Customers were frequently frustrated with the exports requiring heavy rework to align visually with what was in the app. This created trust issues and consumed a lot of time.
In-app UI


Reports exports didn’t match what analysts saw in the platform. Inconsistent formatting caused confusion, rework, and mistrust
Export Utilization
To better understand export behavior, I analyzed usage data in Userpilot. Excel and CSV accounted for more than half of all exports, prompting an important question: why were users relying so heavily on raw data? That insight helped sharpen our focus and led us to dig deeper into analyt's workflows.
The Problem We Discovered
It Wasn’t Just the Export, It Was the Workflow
When we dug into user workflows, we uncovered that analysts were spending approximately 50% of their time outside Artemis.
They weren't just frustrated with the output; they were fundamentally limited by the platform's ability to structure data the way they needed.
They often had to export partial tables and stitch them together elsewhere to meet report requirements.
Roughly 50% of analysts time was spent outside our platform editing reports.
To better understand where our exports were falling short, we asked analysts to share examples of the reports and deliverables they were regularly creating. This surfaced key limitations in our current tool.

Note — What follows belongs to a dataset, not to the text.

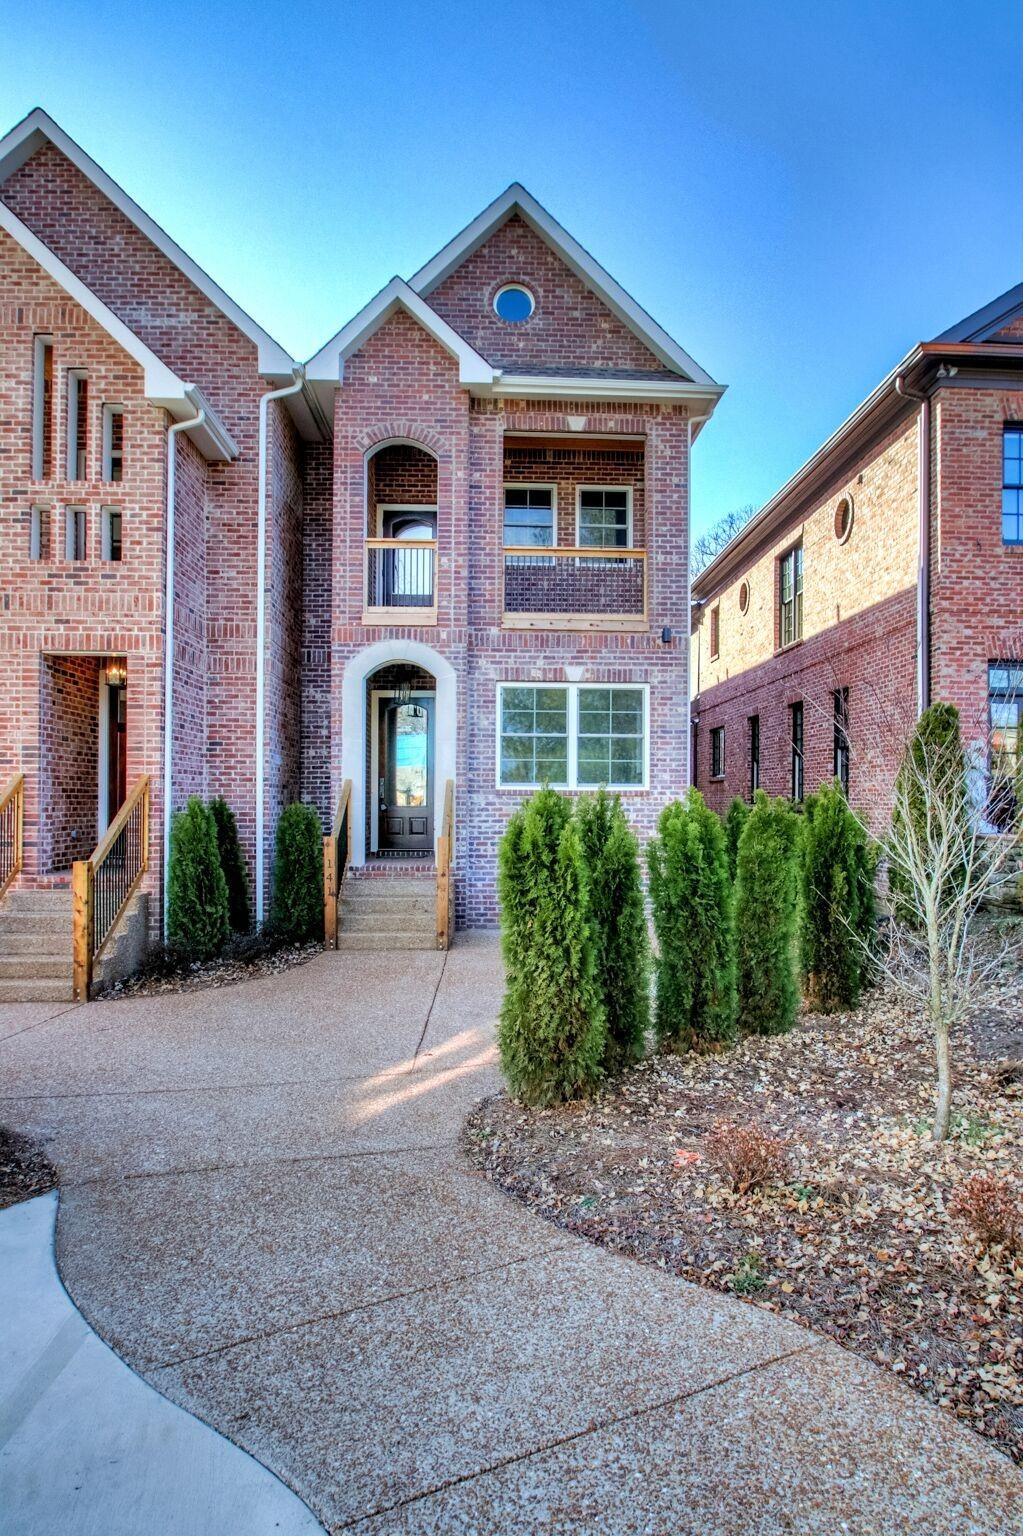 141 Woodmont Blvd Property Photo - Nashville, TN real estate listing

No way to nest or group key dimensions, More complex builds required external tools like Excel.
Our current Platform only supports 2 date ranges; 3+ are often required
Ablility to insert breaks & calculate subtotals
“I usually export, then clean up the data in Excel or PowerPoint before sharing.”
-Becca S.
Analytic Advisor
We needed to fix the data-building experience first

Framing the Opportunity to Leadership
We presented our findings to leadership and made the case that fixing exports without addressing the data-building limitations would not solve our users' core pain points. We proposed a shift in focus:
'Enable analysts to build the exact tables they need within the platform first.'
Once data construction is solved for, export formatting becomes a much simpler and more effective problem to tackle. Leadership was receptive and aligned around a phased approach.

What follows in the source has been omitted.